While testing complex, long-running systems like the software from the previous part, the need arises to "prove" the system's stability over long usage periods — which is in fact practically unachievable during development (what long-term testing can there be when updates land every day). Add to that the difficulty of catching memory-management errors that show up extremely rarely — sometimes only after days or weeks of continuous real operation. The company had several fully functional test benches as close as possible to a ship's conditions and data, where the software, as the saying goes, "lived" on real recordings from ships — but there were only three, and the queue to push your own module's testing through them was booked a month ahead.

To somehow speed up finding this kind of error, a separate type of allocator was developed — a randomizing (chaos) one, a specialized memory-management system built to hunt for bugs related to long-term program use.

Unlike "good" allocators, where the developer strives for stable object placement to optimize the cache and make data fetches predictable, this allocator does exactly the opposite — it deliberately breaks the stability of the address space. On every new allocation the system may randomly move already-existing objects to arbitrary regions of memory, creating conditions close to unpredictable.
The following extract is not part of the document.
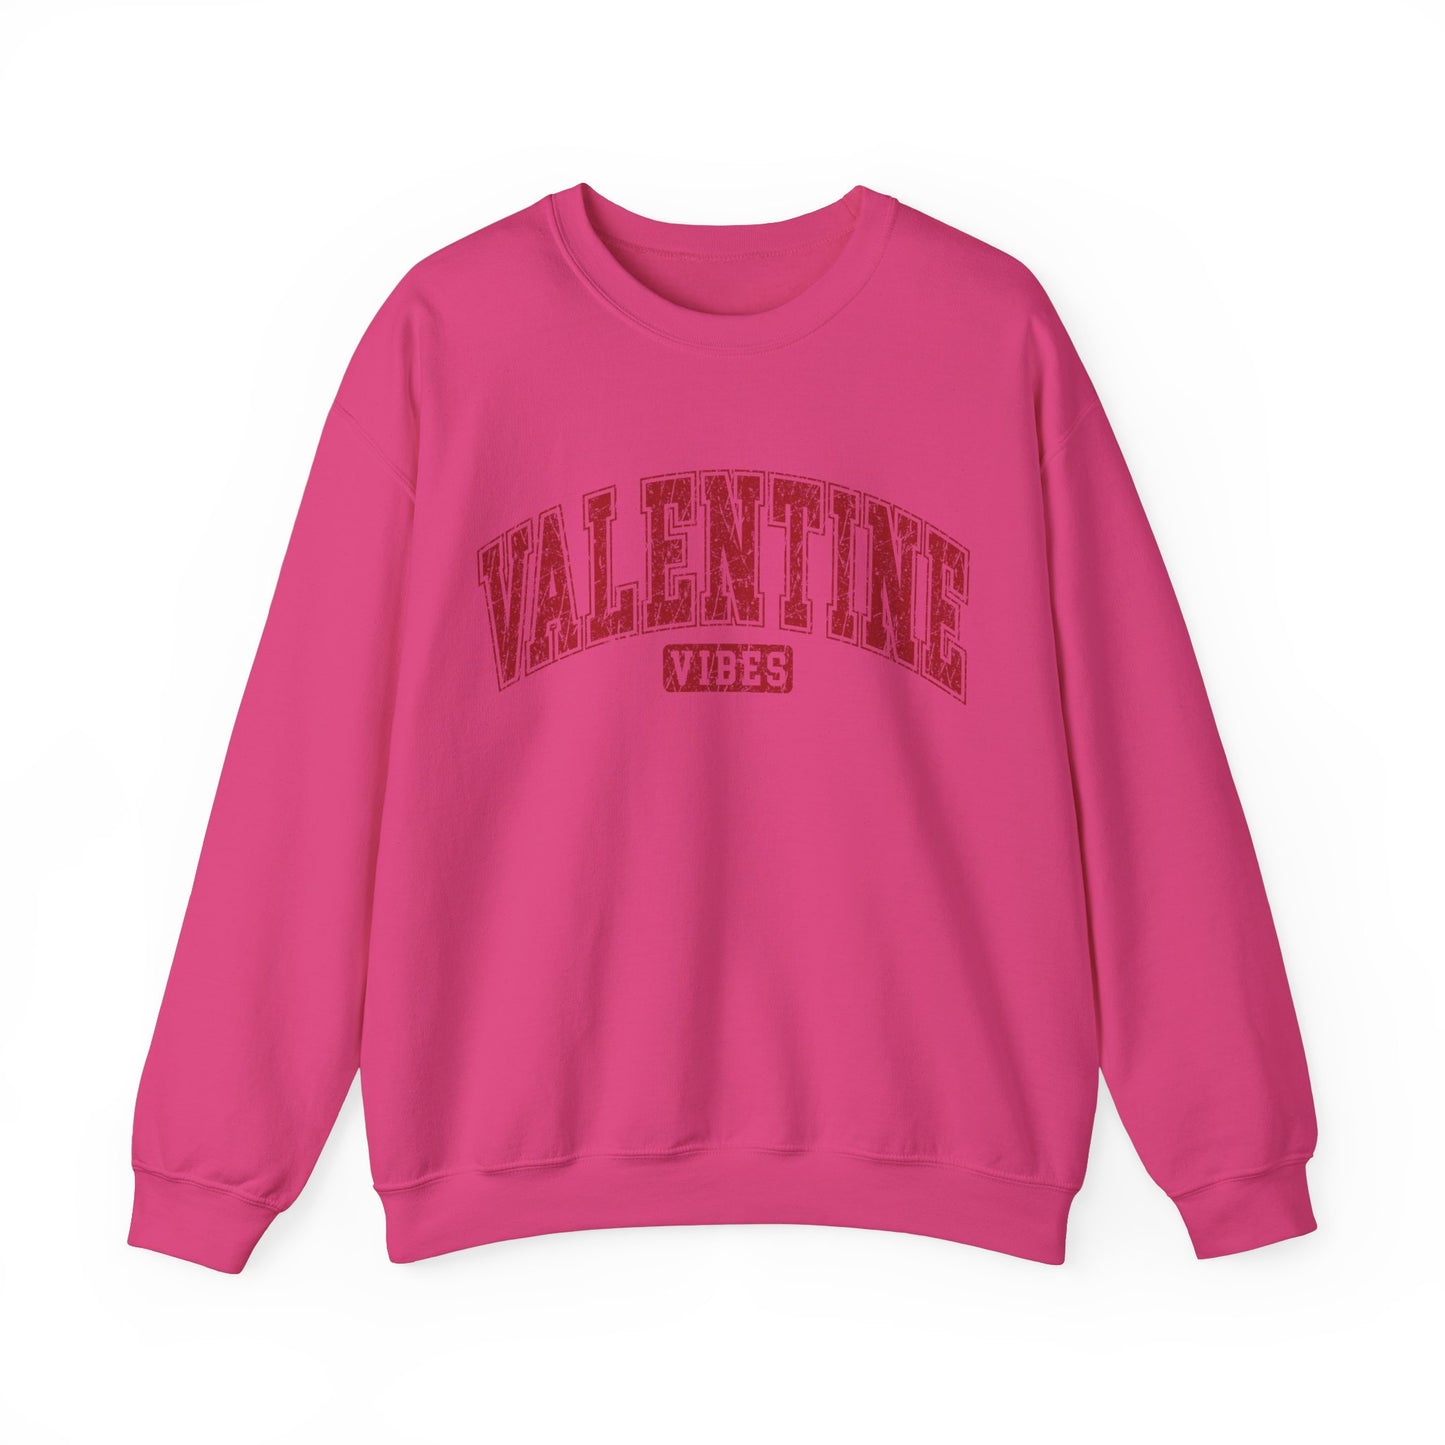 Valentine Vibes Women's Sweatshirt
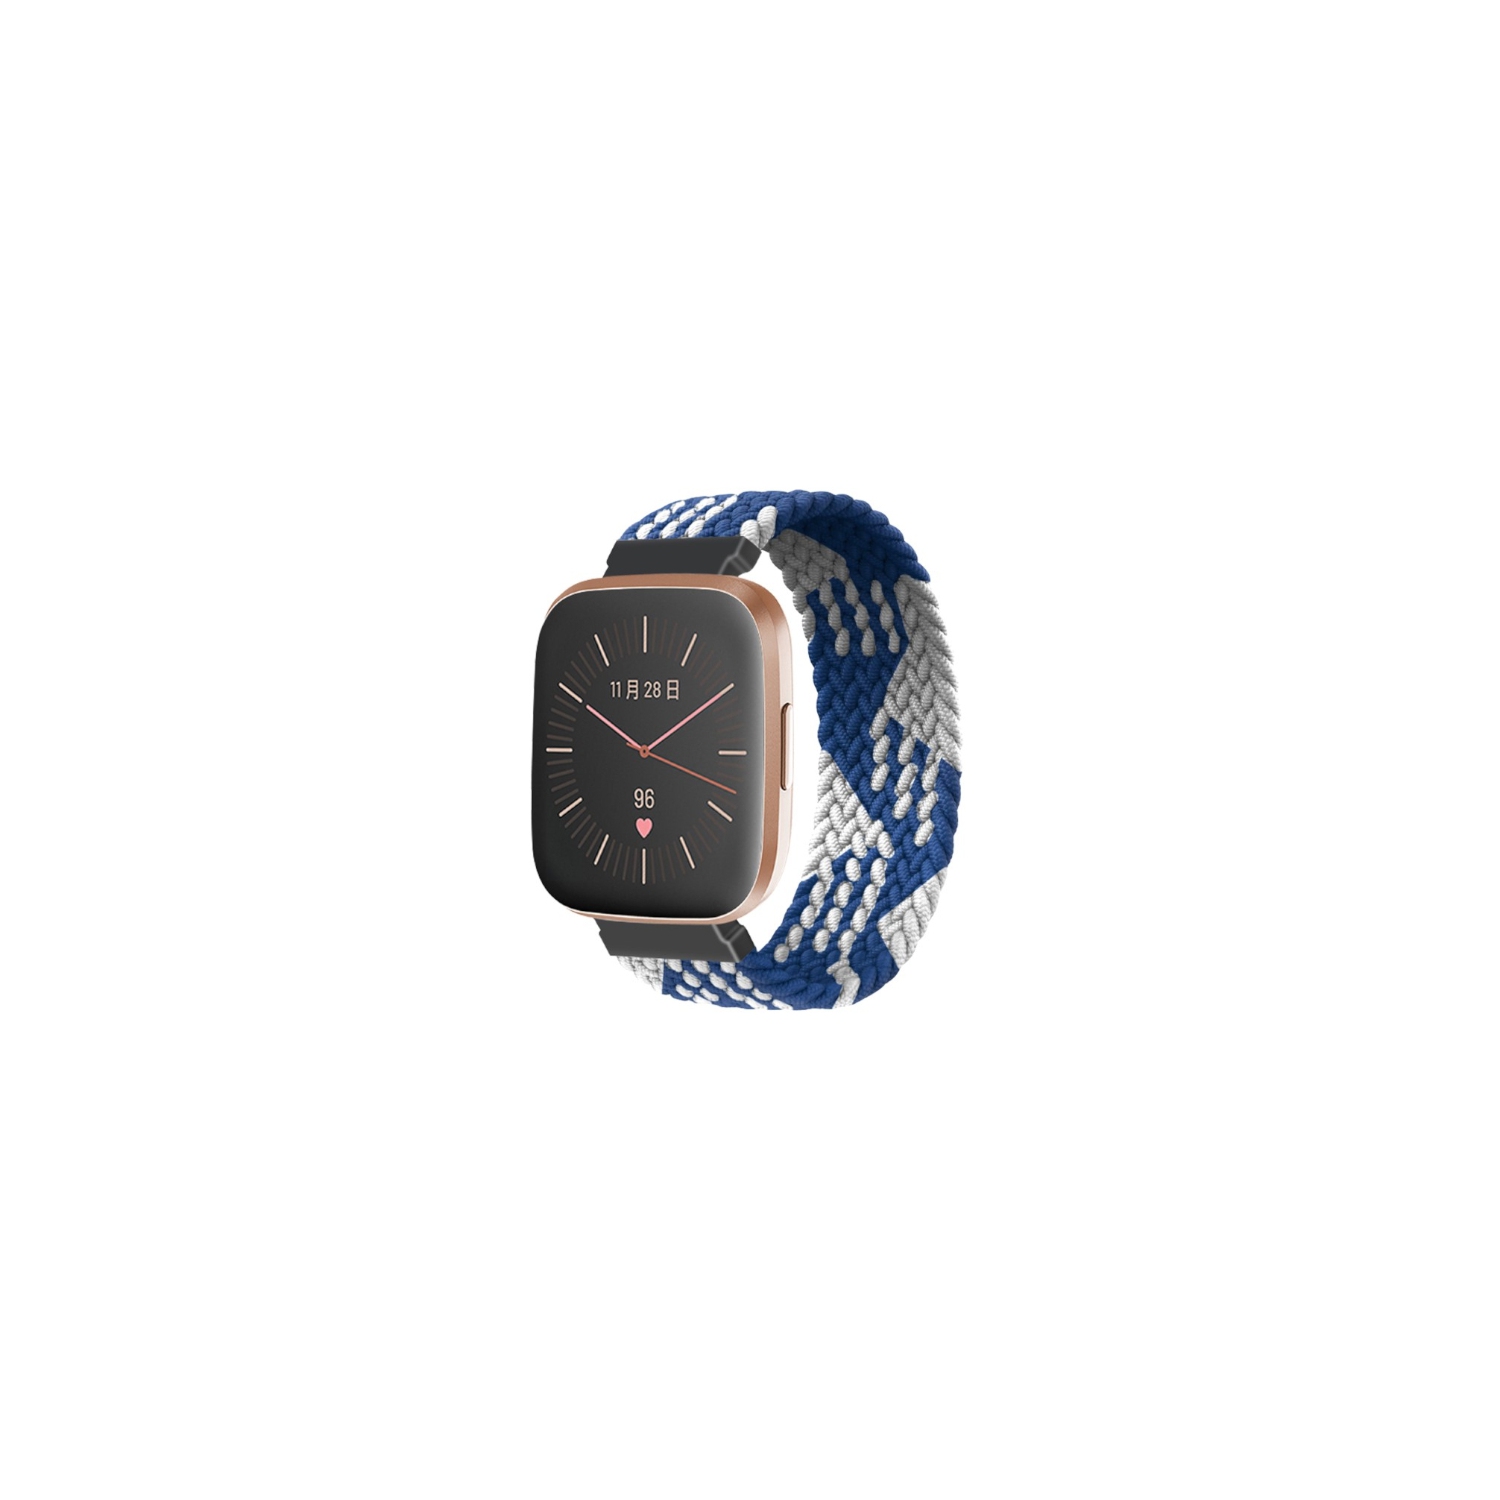 StrapsCo Patterned Elastic Nylon Watch Band Strap for Fitbit Versa & Versa 2 - L - Fits 6.6" - 6.9" Wrist - Blue & White Buffalo

Well, not on every one, of course — that's the harshest case; rather, on some event plus a timer. Which, naturally, helps catch (relatively quickly, compared to ordinary development) the pieces of code that rely on addresses staying put — one of the classic sources of hard-to-catch bugs.

So that such moves don't break the program, the allocator uses an internal address-translation table — a kind of descriptors. It maps the "logical" addresses the application works with to the real physical addresses in memory. Thanks to this, objects can move freely while correctly written code keeps working without noticing the changes. The program, as usual, "thinks" the data is in its old place, though in reality it has already been moved to another part of memory.

Using this approach made it possible to catch a number of bugs at early stages that would normally have surfaced only after long operation. In one case an application that relied on address stability started crashing within a few hours of enabling aggressive address randomization, whereas without it similar failures happened only after weeks — and most likely already on the customer's equipment, i.e. somewhere at sea, where pulling out dumps is practically impossible, which threatened a serious dressing-down from management and some financial trouble. To avoid all kinds of problems, a ship always runs 2 or more backup instances of each workstation in parallel, so that if something happens you just switch to a live one if one falls over; that did happen, but very, very rarely.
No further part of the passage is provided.